Я бросил там все, что имел… свой дом и работу, на которую потратил семь лет жизни. Все мое добро брошено на произвол судьбы, а начальство, вероятно, уже уволило меня со службы, так как я без разрешения оставил свой пост. Но я больше не мог жить в этом доме, в этом городе в этом мире, где все напоминало мне о ней… Как вор, бежал я ночью, только чтобы уйти от нее… забыть…

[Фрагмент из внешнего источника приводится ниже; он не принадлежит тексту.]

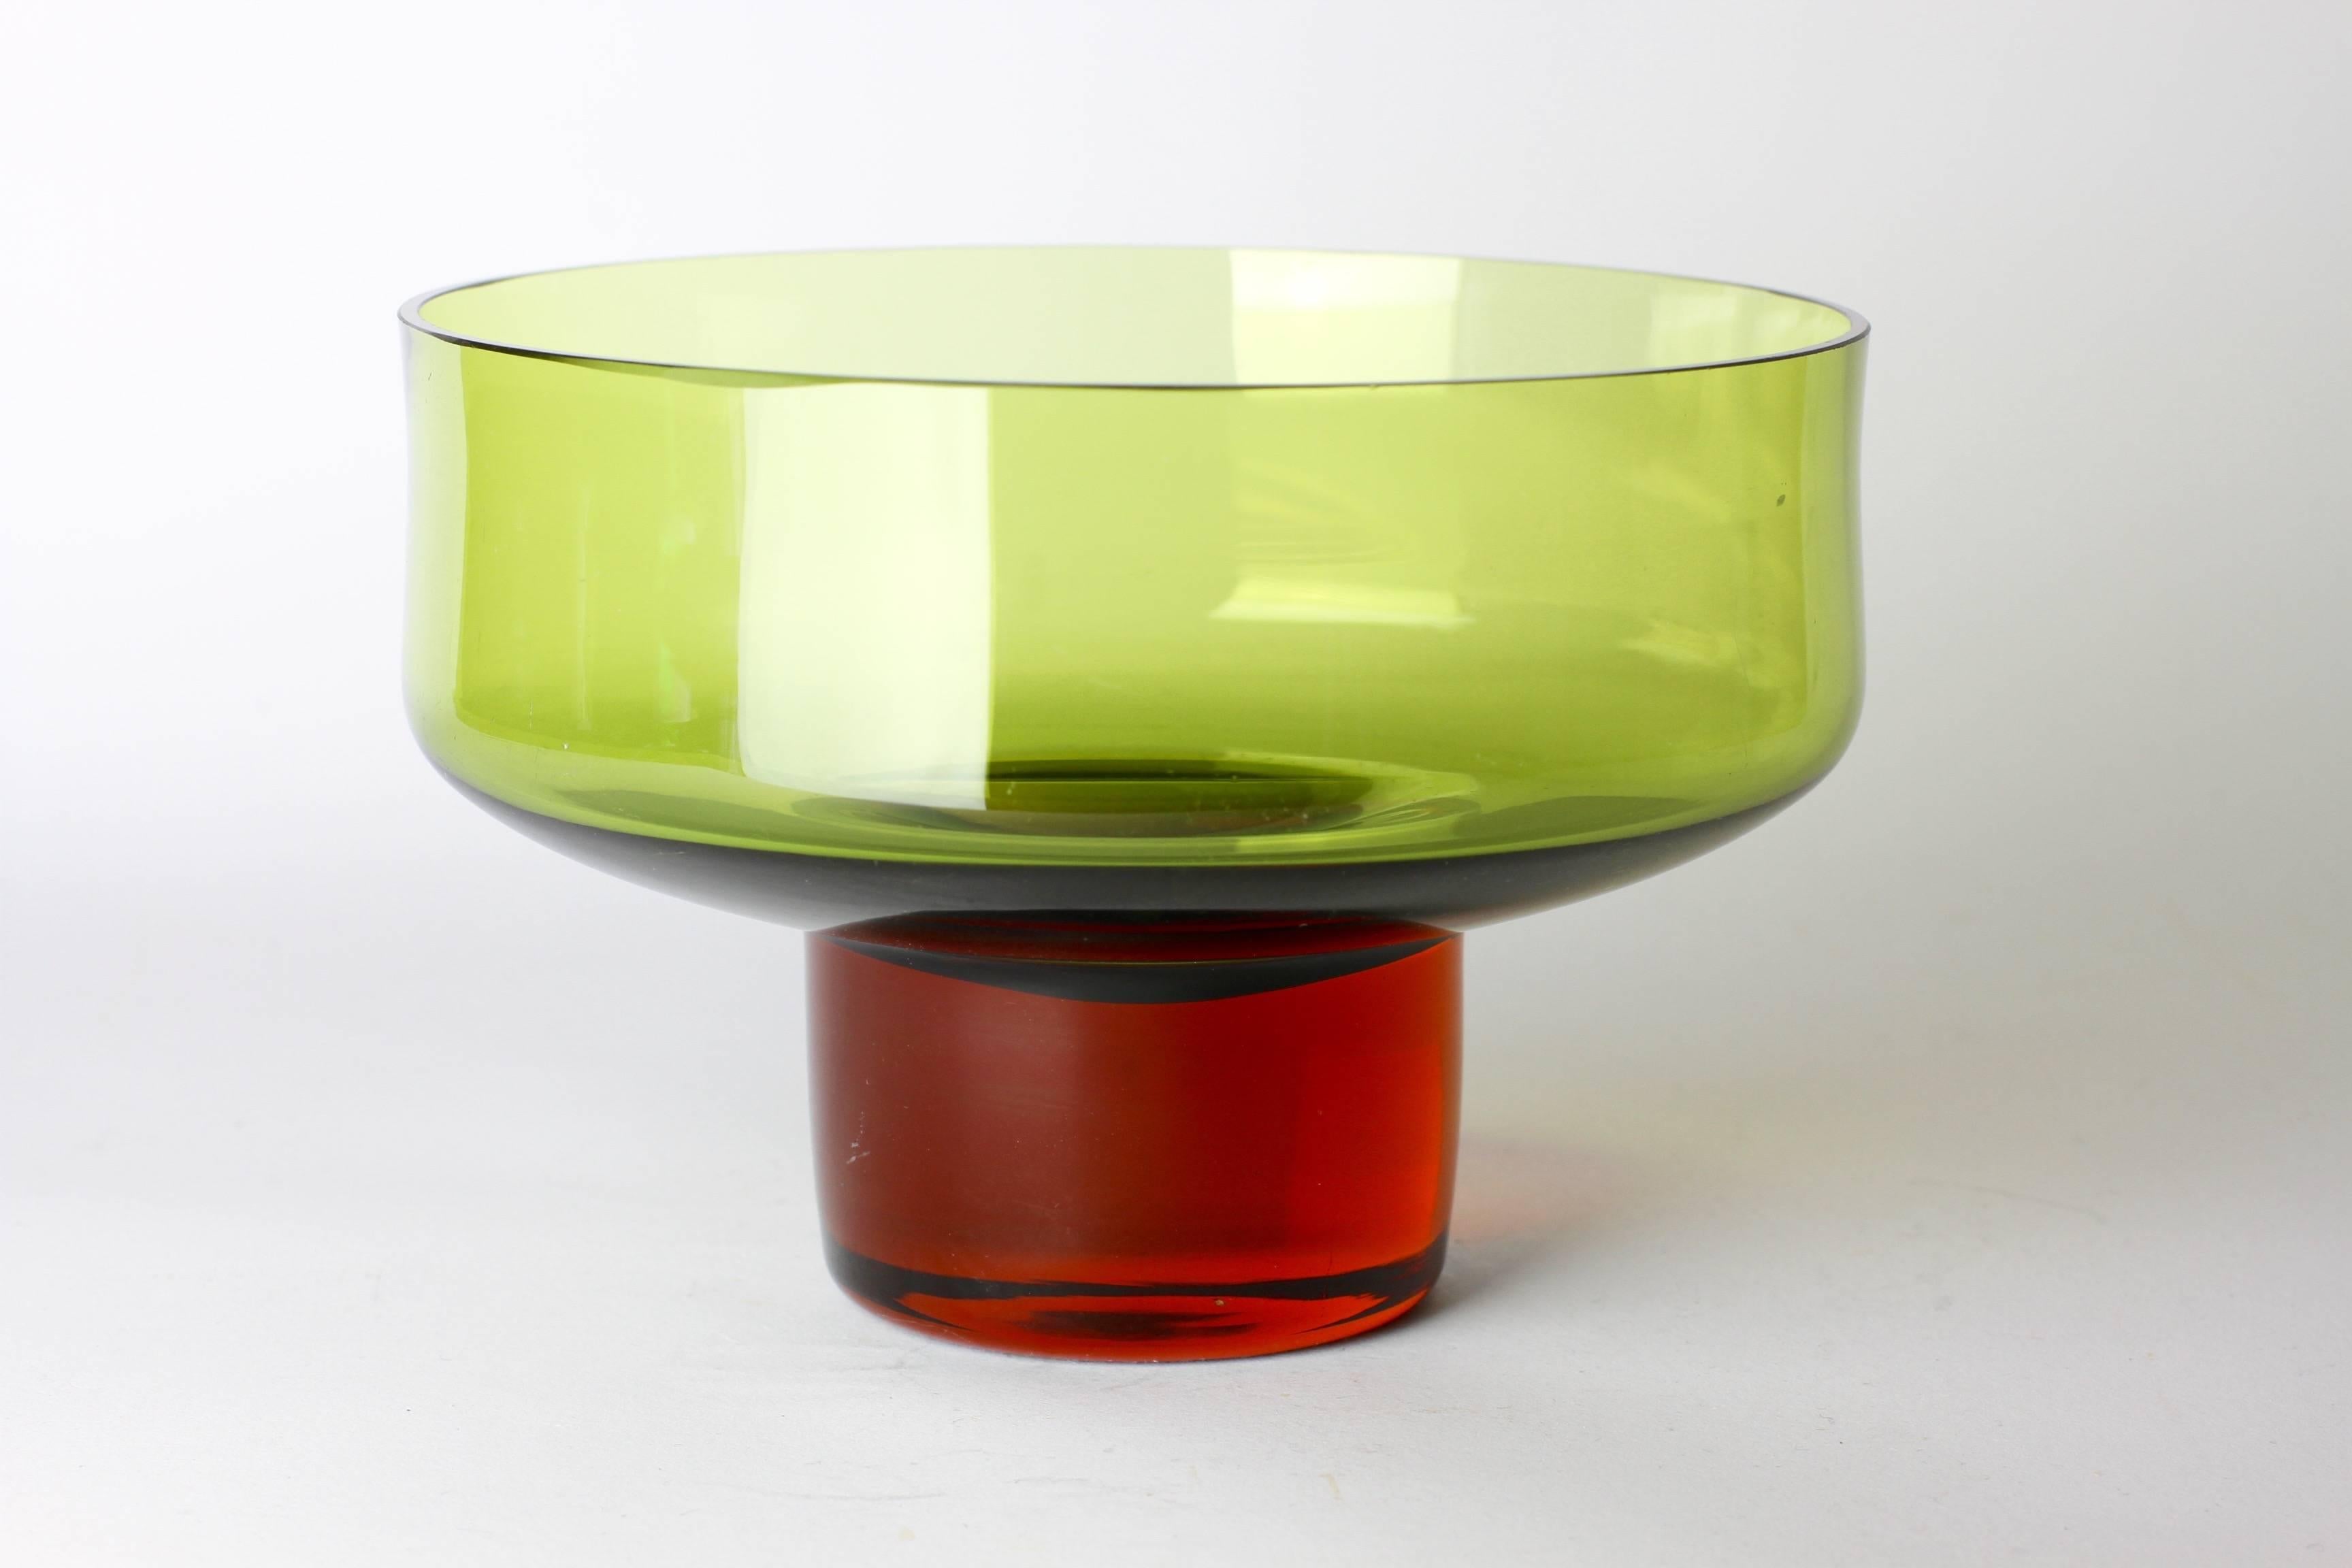 Beautiful green and amber toned glass bowl or dish designed by Bo Borgström for Aseda Glasbruk, Sweden. The thin, delicate green wall of the bowl, coupled with the thick, heavy amber base, gives this Scandinavian bowl it's delightful charm.

Model

Но когда я взошел на борт ночью… в полночь… мой друг был со мной тогда… тогда как раз поднимали что-то краном что-то продолговатое, черное… это был ее гроб… вы слышите: ее гроб!.. Она преследовала меня, как раньше я преследовал ее… и я должен был стоять тут же, с безучастным видом, потому что он, ее муж, тоже был тут… он везет тело в Англию… может быть, он хочет произвести там вскрытие… Он овладел ею… теперь она опять принадлежит ему… уже не нам… нам обоим… Но я еще здесь… Я пойду за ней до конца… он не узнает, он не должен узнать… я сумею защитить ее тайну от любого посягательства… от этого негодяя, из-за которого она пошла на смерть… Ничего, ничего ему не узнать… ее тайна принадлежит мне, только мне одному…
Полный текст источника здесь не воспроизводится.